Reputation: 783
For a project to make communications clearer for a website, I have to pull the messages using regex (Why? Because the message is commented out. With normal document.getElement I can't reach the message. But with the Regex mentioned below i can.)
I am trying to get a value using this expression:
\s*<td width="61%"class="valorCampoSinTamFijoPeque">(.|\n)*?<\/td>
How i use this expression:
var pulledmessage = /\s*<td width="61%"class="valorCampoSinTamFijoPeque">(.|\n)*?<\/td>/.exec(htmlDoc);
The above expression gives me NULL when i console.log() it. My guess is that the htmlDoc format that i supply the regex is not working. I just have no clue how to make it so the value does get pulled.
What i use to parse HTML:
var html1 = httpGet(messages);
parser = new DOMParser();
htmlDoc = parser.parseFromString(html1,"text/html");
The result I want to get:
<td width="61%"class="valorCampoSinTamFijoPeque"><b>D.</b> De:
Information, Information.
Information, Information
Para: Information
CC: Information
Alot of text here ............
</td>
I edited the above value to remove personal information.
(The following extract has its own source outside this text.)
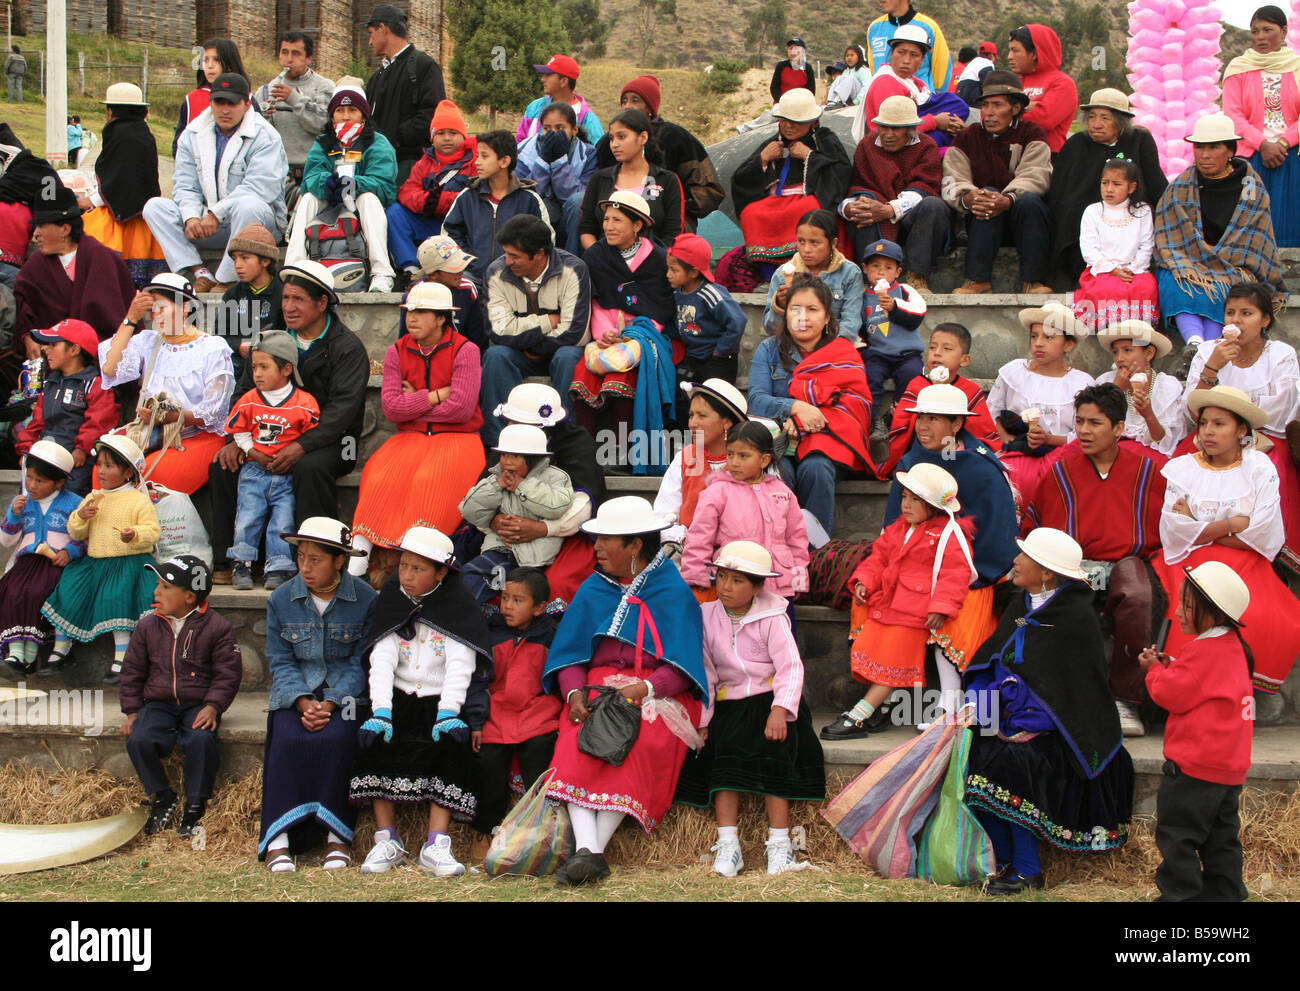 Les gens célèbrent l'Inti Raymi dédié à la Lune et Soleil Nature, une célébration d'été traditionnels, Canar,Equateur Banque D'Images

html1 contains a full HTML page with the information required.
Upvotes: 0
Views: 68
Reputation: 2351
New attempt. Seeing how the td
you need is commented out, remove all HTML comment delimiters from the loaded HTML file before parsing the document. This will result in the td
being rendered in the document and you can use innerHTML
to get the message content.
const
documentString = `
<!doctype html>
<html>
<body>
<div class="valorCampoSinTamFijoPeque">1</div>
<div class="valorCampoSinTamFijoPeque">2</div>
<div class="valorCampoSinTamFijoPeque">3</div>
<div class="valorCampoSinTamFijoPeque">4</div>
<div class="valorCampoSinTamFijoPeque">5</div>
<div class="valorCampoSinTamFijoPeque">6</div>
<!--<div class="valorCampoSinTamFijoPeque"><b>D.</b> De: Information, Information. Information, Information Para: Information CC: Information Alot of text here ............</div>-->
<div class="valorCampoSinTamFijoPeque">8</div>
</body>
</html>`,
outputElement = document.getElementById('output');
debugger;
const
// Remove all comment delimiters from the input string.
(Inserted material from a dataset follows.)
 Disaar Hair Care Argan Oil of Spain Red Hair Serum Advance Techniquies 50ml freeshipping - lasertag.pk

cleanupDocString = documentString.replace(/(?:<!--|-->)/gm, '');
// Create a parser and construct a document based on the string. It should
// output 8 divs.
parser = new DOMParser();
htmlDoc = parser.parseFromString(cleanupDocString,"text/html");
const
// Get the 7th div with the class name from the parsed document.
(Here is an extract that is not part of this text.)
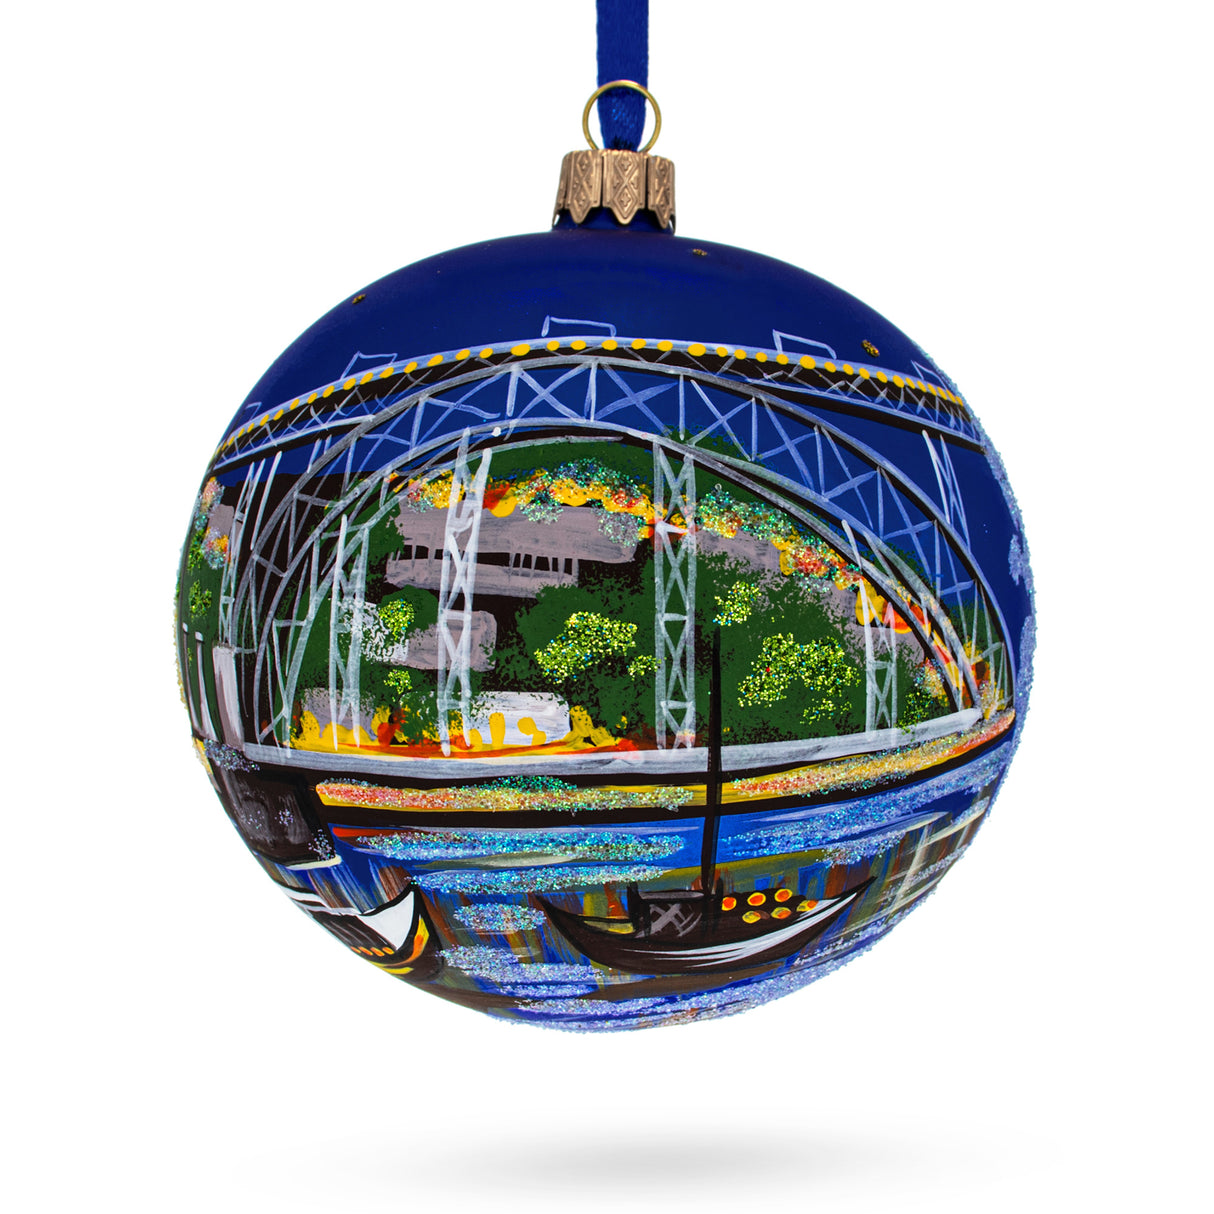 Copacabana, Rio de Janeiro, Brazil Glass Ball Christmas Ornament 4 Inches

element = htmlDoc.getElementsByClassName('valorCampoSinTamFijoPeque')[6];
// Log the element found in the parsed document.
console.log(element);
// Log the content from the element.
console.log(element.innerHTML);
<div id="output"></div>
Upvotes: 1
Reputation: 2351
There is no need for a regex, native JS has your back!
const
documentString = '<!doctype html><html><body><div class="valorCampoSinTamFijoPeque">1</div><div class="valorCampoSinTamFijoPeque">2</div><div class="valorCampoSinTamFijoPeque">3</div><div class="valorCampoSinTamFijoPeque">4</div><div class="valorCampoSinTamFijoPeque">5</div><div class="valorCampoSinTamFijoPeque">6</div><div class="valorCampoSinTamFijoPeque">7<!--<b>D.</b> De: Information, Information. Information, Information Para: Information CC: Information Alot of text here ............--></div><div class="valorCampoSinTamFijoPeque">8</div></body></html>',
outputElement = document.getElementById('output');
function getCommentText(element) {
for (var index=0; index<element.childNodes.length;index++){
const
node = element.childNodes[index];
if (node.nodeType === Node.COMMENT_NODE) {
return node.data;
}
}
}
// Create a parser and construct a document based on the string. It should
// output 8 divs.
parser = new DOMParser();
htmlDoc = parser.parseFromString(documentString,"text/html");
const
// Get the 7th div with the class name from the parsed document.
element = htmlDoc.getElementsByClassName('valorCampoSinTamFijoPeque')[6];
// Replace the HTML of the element with the content of the comment.
element.innerHTML = getCommentText(element);
// The the inner HTML of the parsed document's body and place it inside the output
// element in the page that is visible in the user agent. The 7th div should not
// contain a number but the text that was originally in the comment.
outputElement.innerHTML = htmlDoc.body.innerHTML;
<div id="output"></div>
Upvotes: 0